Tres mariquitas armados al uso

Por Alberto Masa.

Foto: Galletas Fontaneda.

En las mañanas me despertaba una sirena que aún oigo algunas noches. Era la verdad de unas galletas María Fontaneda mojadas en leche con colacao. La niña subnormal siempre se sentaba a mi lado y, enfrente, un cuarentón hablaba de su relación con Dios. La suerte era que la niña subnormal no se enteraba si le faltaba una de las tres galletas porque había perdido la habilidad para contar hasta dos. Cuando pasaba media hora volvía a sonar la sirena y uno sabía que, tras dejar en su sitio la bandeja, podía retornar a su mesa y quedarse todo el día buscándole a la pared blanca por dónde se le iba extendiendo la lepra. Era fácil adivinar cada día nuevas grietas. Esos eran mis proyectos artísticos de enfermo, pero no era bien visto ni yo estaba por la labor de usar allí una cámara de fotos.

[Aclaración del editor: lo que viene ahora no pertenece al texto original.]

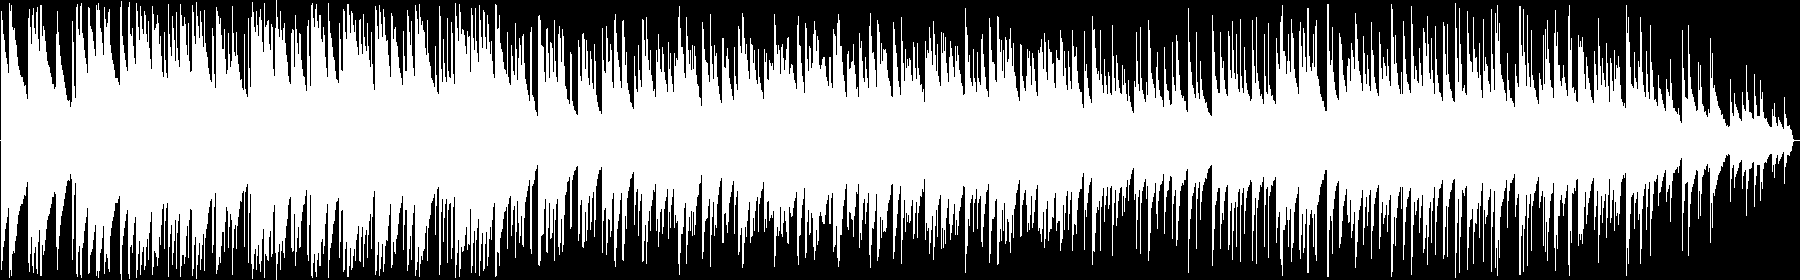 Polyrhythm audio waveform
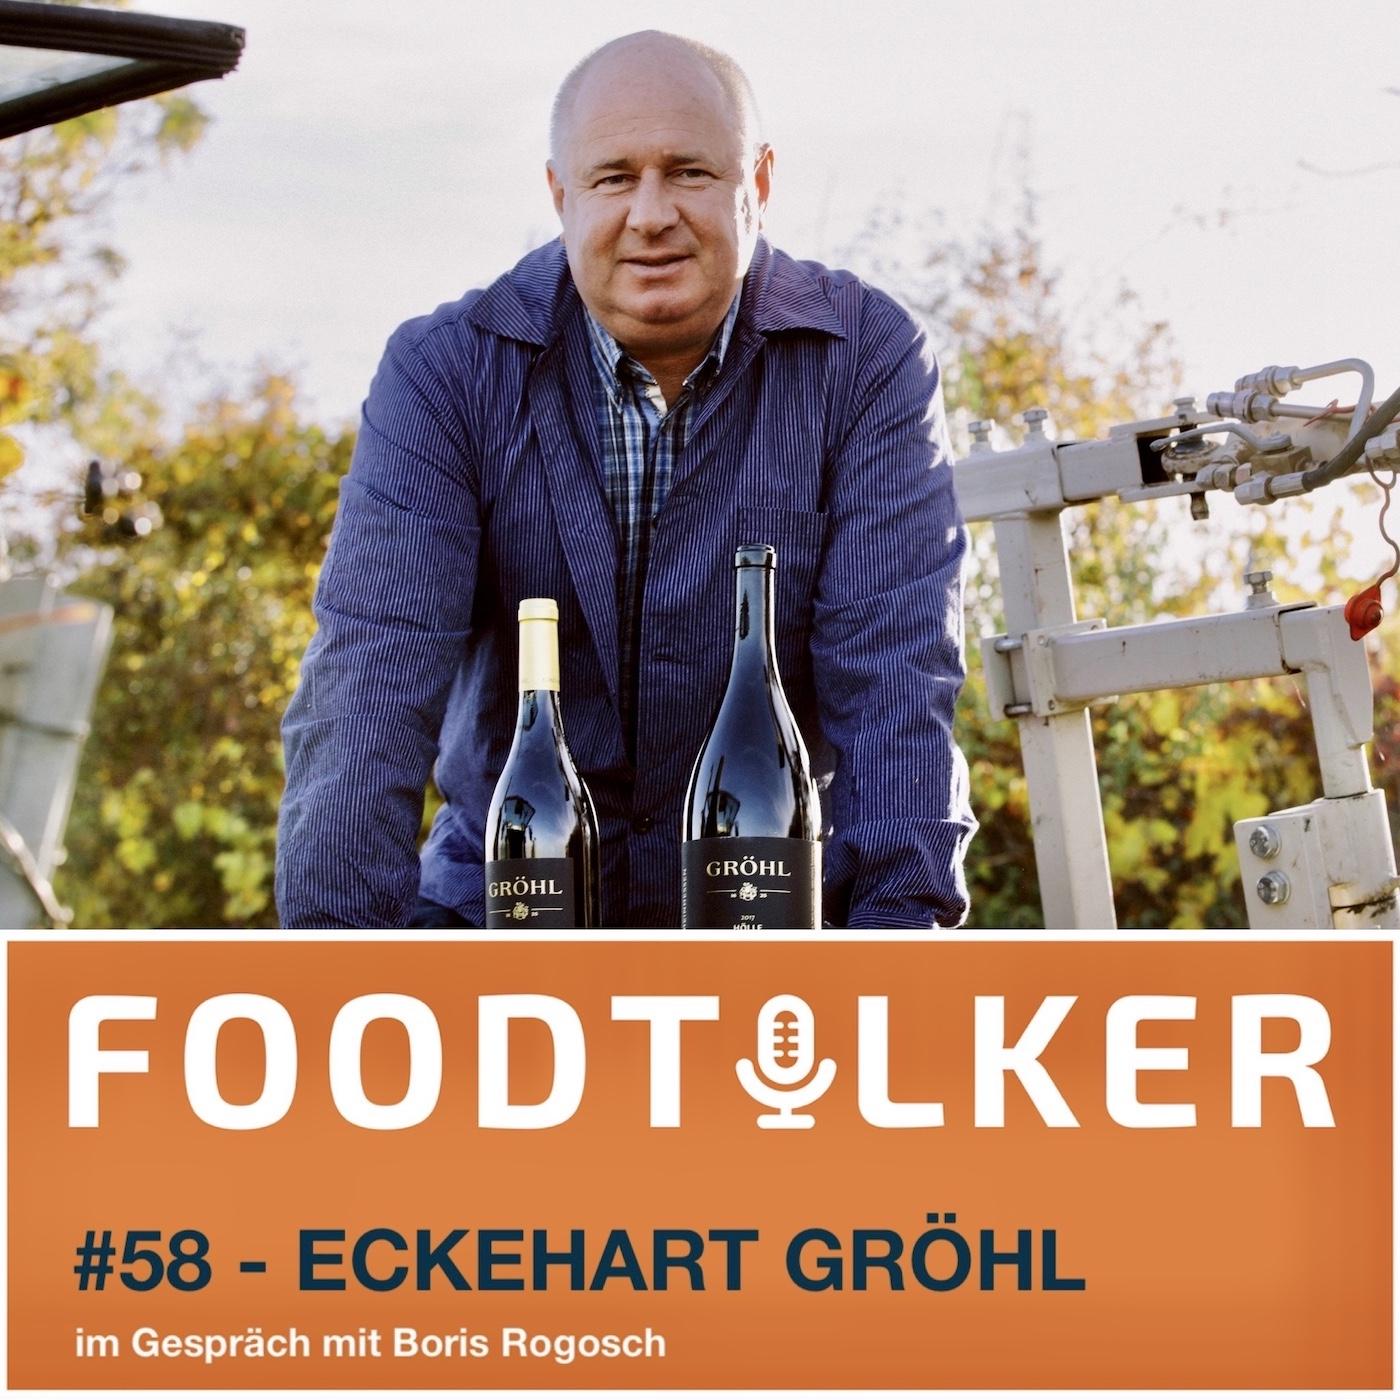 Eckehart Gröhl - Winzer

Mientras me duchaba, fingía  que me enteraba de la lluvia que caía afuera. Notaba que las paredes eran un ataúd que se iba comprimiendo hasta dejar solo una cabeza minusválida en una planicie vegetal. Mi cama era un revoltijo que yo no podía salvar. Cuando me vestía, pedía ayuda a Dios o a lo que fuera, y encontraba la voz de alguien anterior al hombre; esa que, según siempre Platón, moraba antes del nacimiento y que -esto no sé si lo pensé yo- te reunía con el cadáver de tu memoria. Porque yo sabía que mis amigos, esos drogotas enfermos y alborotadores constantes del orden público, no tenían ya una imagen mía. Yo sabía que esa voz, retratada acá como no existente, era la primera fase de resistencia a una vida alejada de su vegetalismo, de vueltas de la parca que traía al día a día el efecto de los neurolépticos, a quienes yo terminaría amando más que a cualquier persona o a cualquier animal.

María Jesús, ex misionera hoy ausente, me dio los Santos Evangelios y yo leí a San Juan en cuanto pude. Di besos a esas mozas que nunca sabían qué suelo estaban andando en el salón del piano roto, y les conté que era dibujante pero había perdido mi don, me lo había tragado sin querer el día en el que perdí el juicio. Lo anterior sólo eran mis amigos, esos cafres, con sus navajas, y yo, también cafre, que me había interesado por la filosofía para ver qué estábamos haciendo en realidad cuando acojonábamos a una parejita en el parque o le quitábamos el reloj de pulsera a cualquier otro iluso que se cruzase con esa cingla de cuatro valientes. Nuestros miedos siempre son los mismos, algo en lo que coincide esta jauría de hombres y mujeres que ya -veía- no éramos más que la intención de una historia que nos cuadrase cinematográficamente. Pero nuestro miedo también era la pérdida del miedo, el suicida inconsciente que manejaba una fiesta o un delito; el hombre que, perdida la intención de empatía, le había sacado su pecho bravo al mundo por mucho que este estuviese ya en las últimas o en las penúltimas, acompañado de las luces y sombras de tres mariquitas armados al uso.

¿Deberé esforzarme, por ejemplo, en estudiar para modista? Al menos me salvaba mi interés por la letra, que ha surgido de mi vanidad, completamente.

Hace dos años salió la noticia de un suicida en el Esquerdo que era ejemplar. Me motivó su historia y la seguí lo que pude en un programa de Televisión Española sobre las muertes en España, pero en el reportaje no vi ni rastro de lo que yo había conocido: el primer parque de atracciones serio en la ciudad, y a pocos metros de mi casa. Sin mente uno no sabe bailar, pero también era cierto que todo estaba cantado. Por suerte, la mayoría de los enfermos sabíamos que las paredes nos veían, y que aquellas nuevas grietas que se formaban en ellas eran la voz que nos hablaba acerca de la nuestra. La mayoría estaban callados. Yo di la nota un poco. Eso que gané, dios santo.